One small fragment is rather unusual and points to George Green's passion in life: mathematics. Upon it, in Green's own hand, is some arithmetic - perhaps calculating quantities of grain or sums of money. On the reverse is a quotation in Latin from Pliny. Since his childhood Green had shown an outstanding natural talent for mathematics. Despite having very little formal schooling he was far in advance of his contemporaries in applying mathematics to investigations into natural phenomena such as electricity and magnetism.

In 1828 at the age of thirty five he published his first - and greatest - scientific work entitled An Essay on the Application of Mathematical Analysis to the Theories of Electricity and Magnetism. His ambition was to become a student at a university and to that end he had to study Latin and Greek. Perhaps in this fragment of a mill account book we see that Green had, as he later wrote, 'devoted almost exclusively to books the few leisure hours I have been able to snatch from the tedious and uninstructive details of common business'. Alas, the Essay failed to establish George's name in the scientific world. Few people could have understood its significance and it was, after all, published privately in a small provincial town.

However, one visitor to the mill that year who had some understanding of science was Sir Richard Phillips, a somewhat eccentric publisher, traveller and former mathematics teacher. He met Green and although he totally failed to understand his mathematical achievements he did give us the only description of his mill from that time.

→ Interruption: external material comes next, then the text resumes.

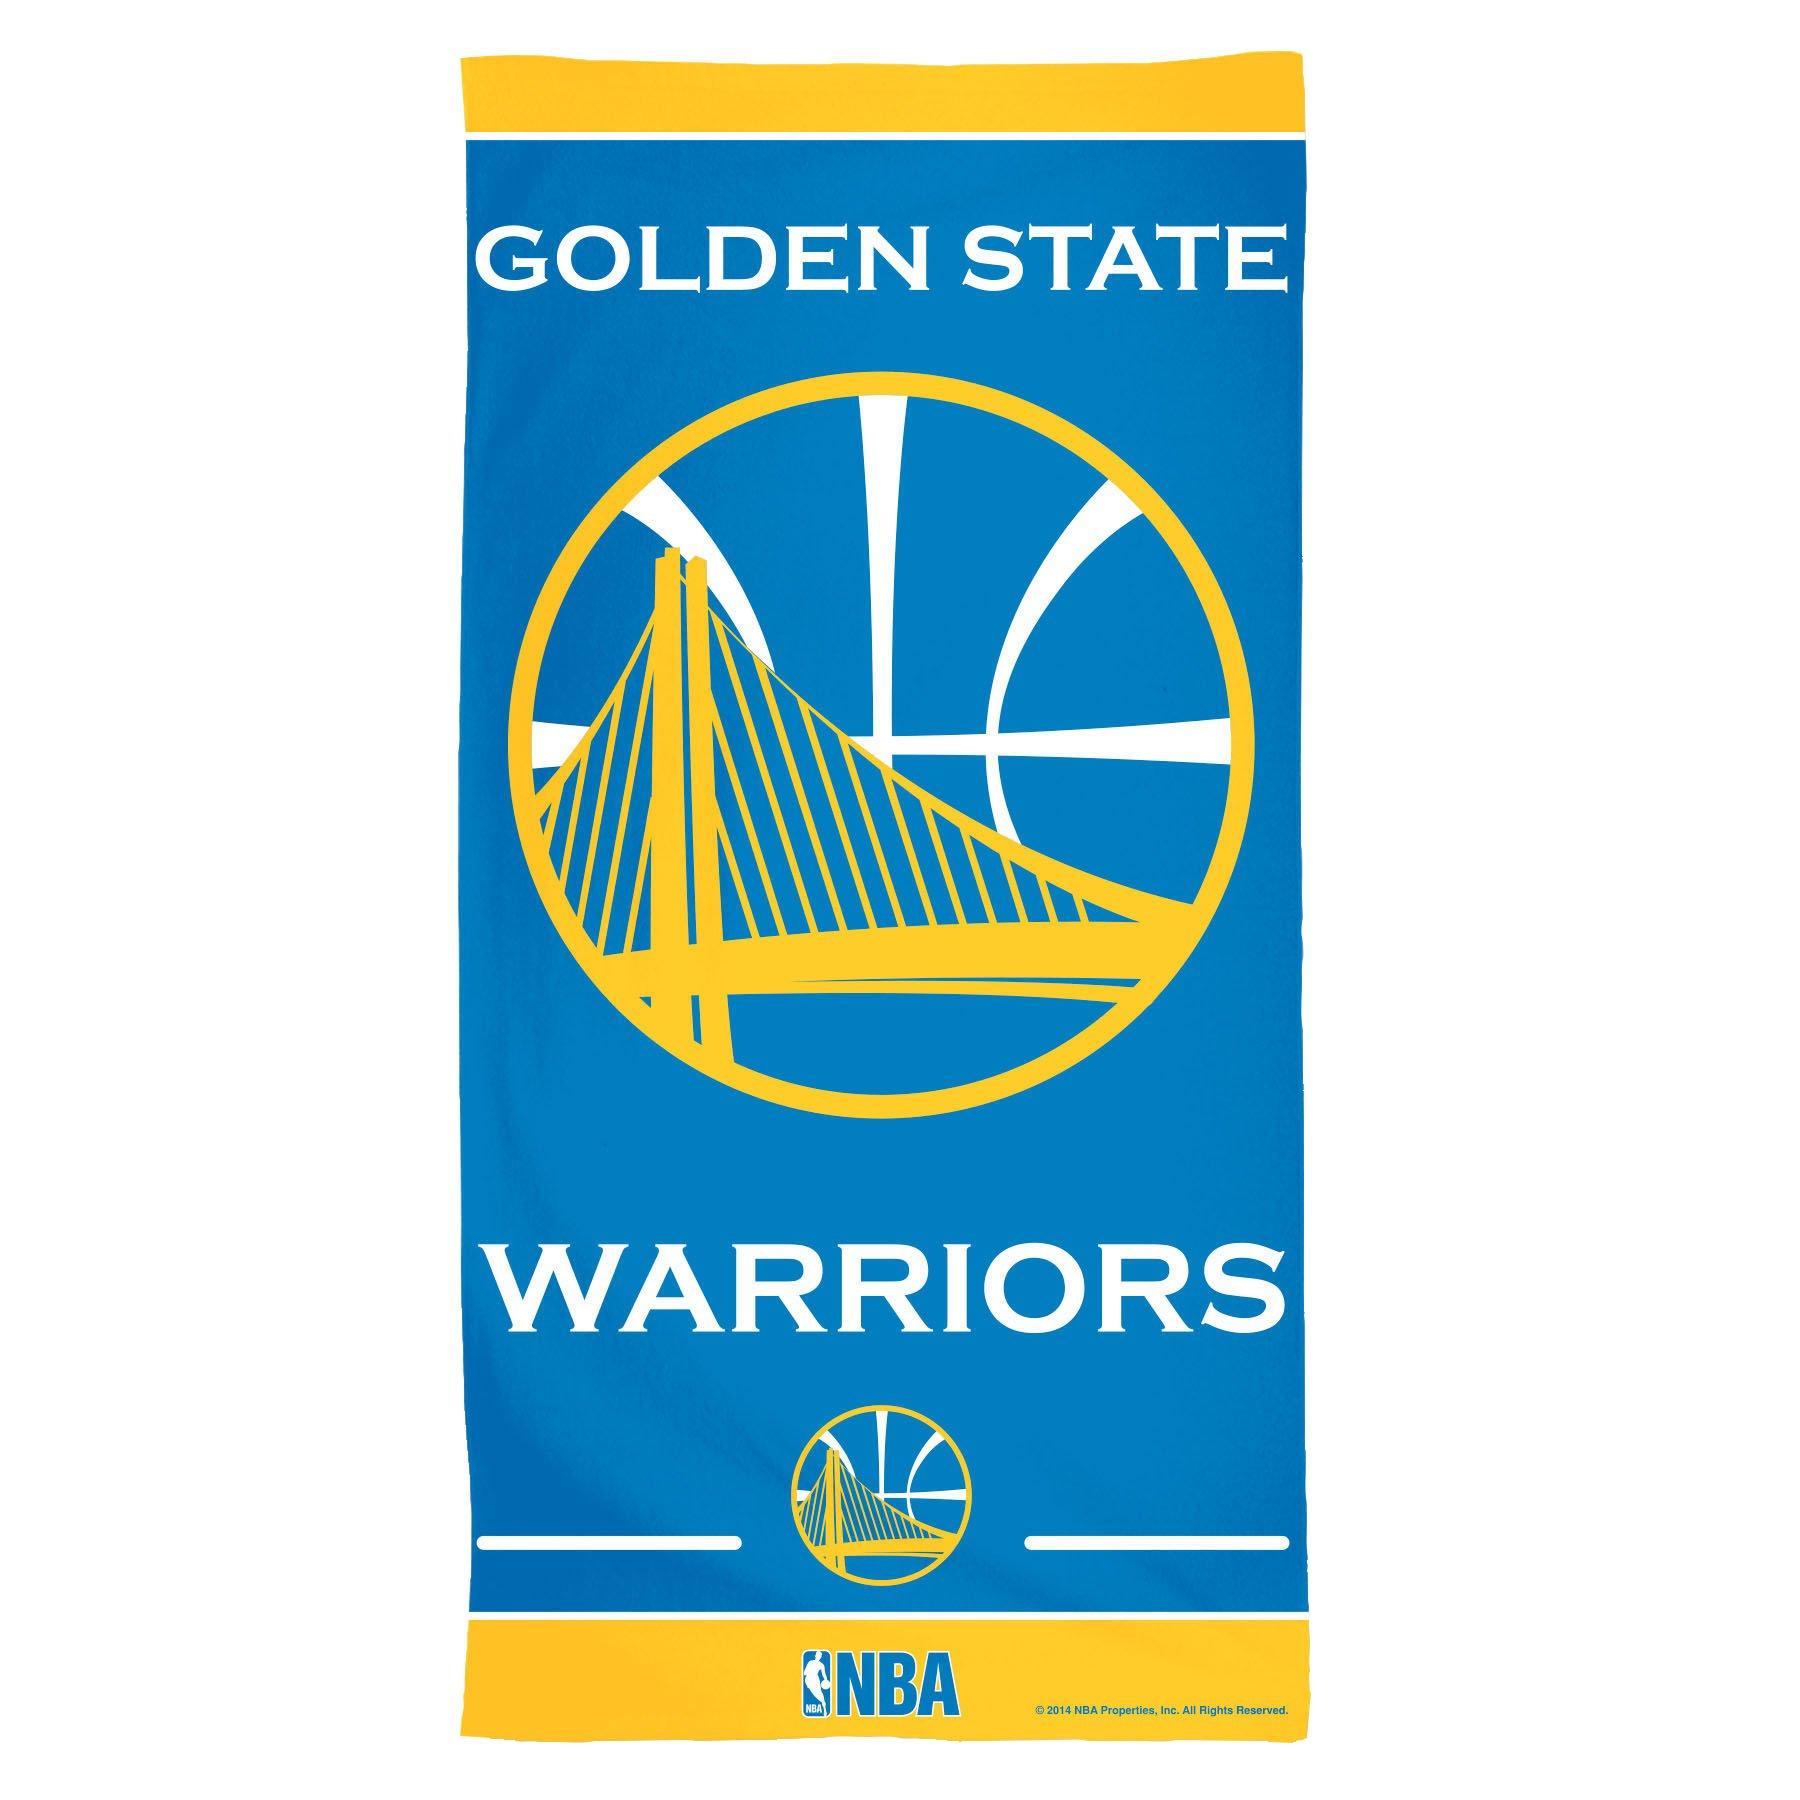 WINAV NBA Golden State Warriors Fiber Beach Towel, 30 x 60, Multicolor

"If I learnt little from Green about his ideal philosophy, I ascertained some facts relative to the economy of a wind-mill. His sails have a radius of twelve yards and they revolve twenty five times a minute, or more than a mile at the extremities. This great velocity carries round the stones , which are sixteen feet in circumference, 162 times in a minute, and they grind a load of ten sacks of wheat in two or three hours. The sails are placed at an angle in the shaft, and then in union are placed exactly in the wind's point, but the quantity of cloth is varied inversely as the force of the wind. I went through this fine mill, and really felt terrified at the centrifugal force of such heavy masses as the stones, the peripheries of which were carried round with a determined velocity of forty miles an hour. Of course, none but particular kinds of stone will bear such a momentum, and the smallest fracture or inequality occasions them to separate with destructive consequences."

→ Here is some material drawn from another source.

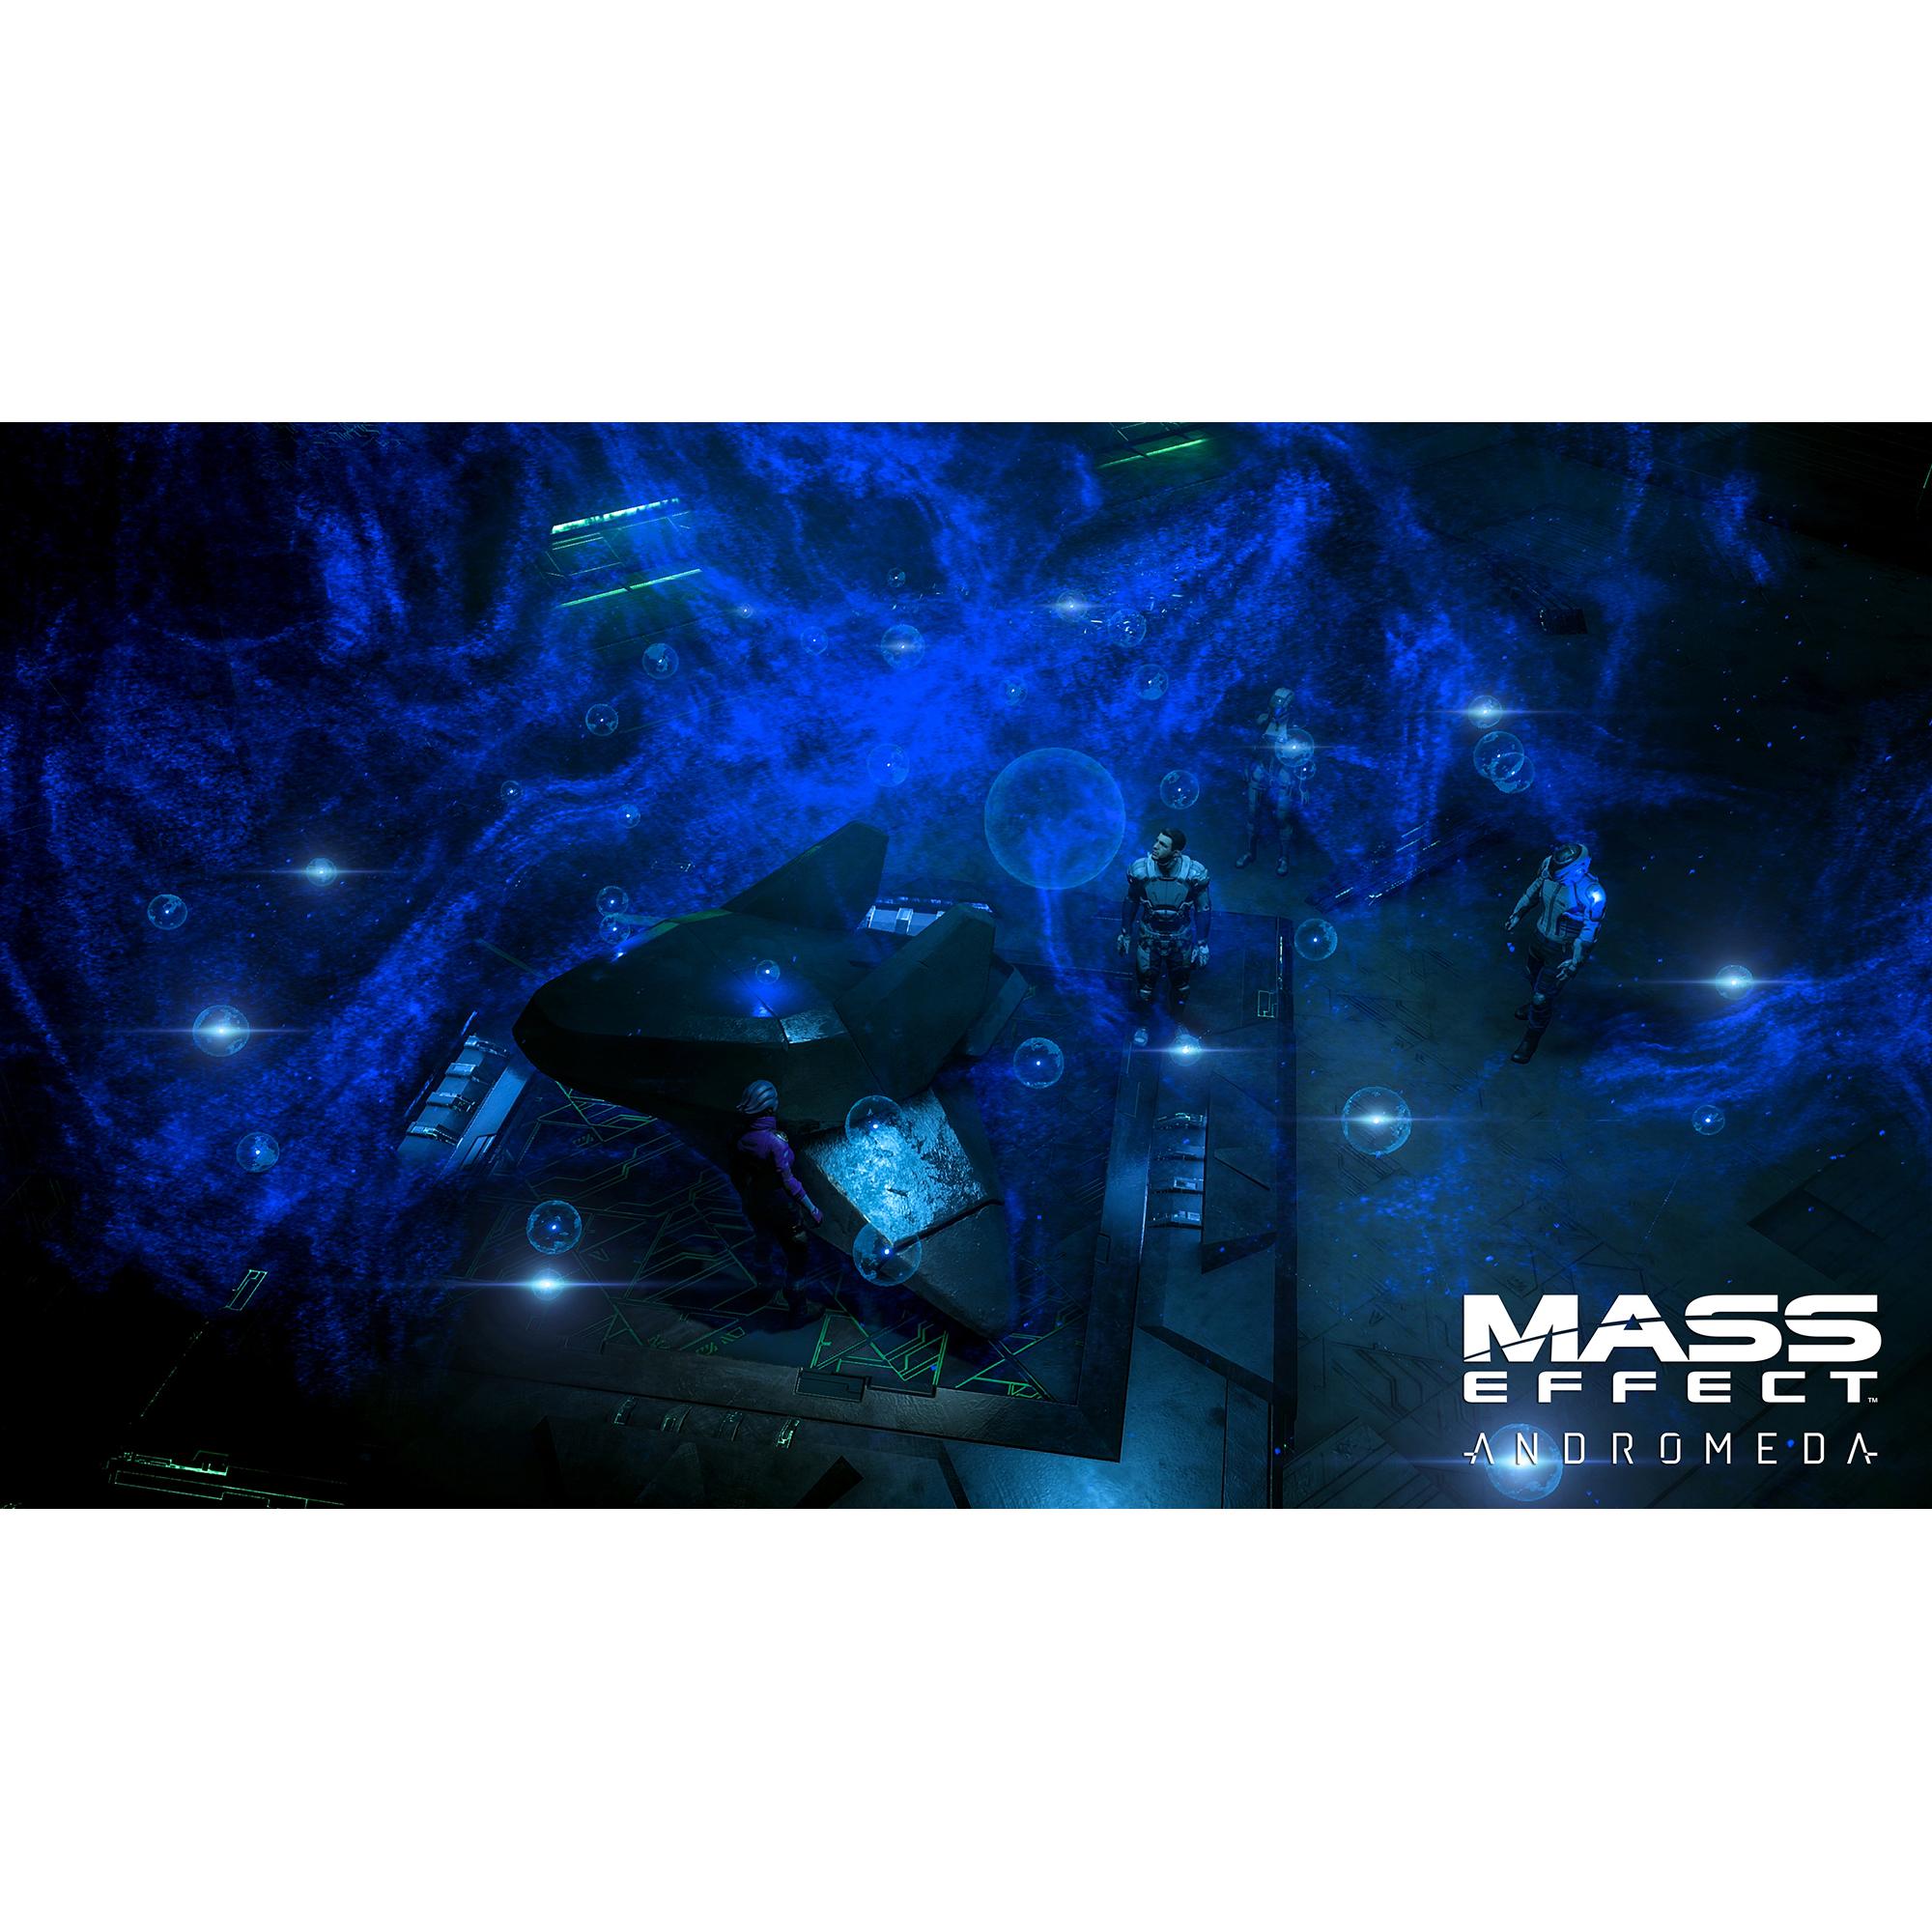 Joc Mass Effect: Andromeda pentru Xbox One 7

One wonders if George Green is perhaps having a little fun at Sir Richard's expense with such graphic descriptions of the potentially destructive forces in the mill! Disappointed with the response to his Essay, George put aside his mathematics and turned his attentions to the family business - and his growing family. Green was by this time the father of the two children of Jane Smith, the daughter of William Smith the mill foreman. Although they never married they were to have another five children. Old Mr Green died the following year, leaving George seven houses in Nottingham, the mill and most of the property in Sneinton:

'This is the last will and testament of me George Green the elder of Sneinton in the County of Nottingham . . . I bequeath all that my brick wind corn mill with the granaries, Millers house stable outbuildings . . . all the machinery . . . belonging to the said mill And all my right and interest in the stock in trade carts horses bags and other articles and utensils used in such business along with my son And also all that my Close lying in Sneinton aforesaid called the Mill Close . . . Also all those my two other Closes . . . with the newly erected Messuage or Tenement and Outbuildings lately erected thereon and the Garden walled round Kitchen garden and Millers Garden . . . now in the occupation of myself and William Smith (my miller)'
(extract from the will of Green Snr. )

George Green was now a fairly wealthy man and he was able to let the mill and resume his mathematical studies. Yet life was not without its dangers and excitements. In 1831 during the Reform Bill riots an angry mob surged through Sneinton on their way to set fire to Nottingham Castle. As they passed they attacked the mill; George defended his property by firing his musket at the crowd whilst his seven year old daughter Jane reloaded for him!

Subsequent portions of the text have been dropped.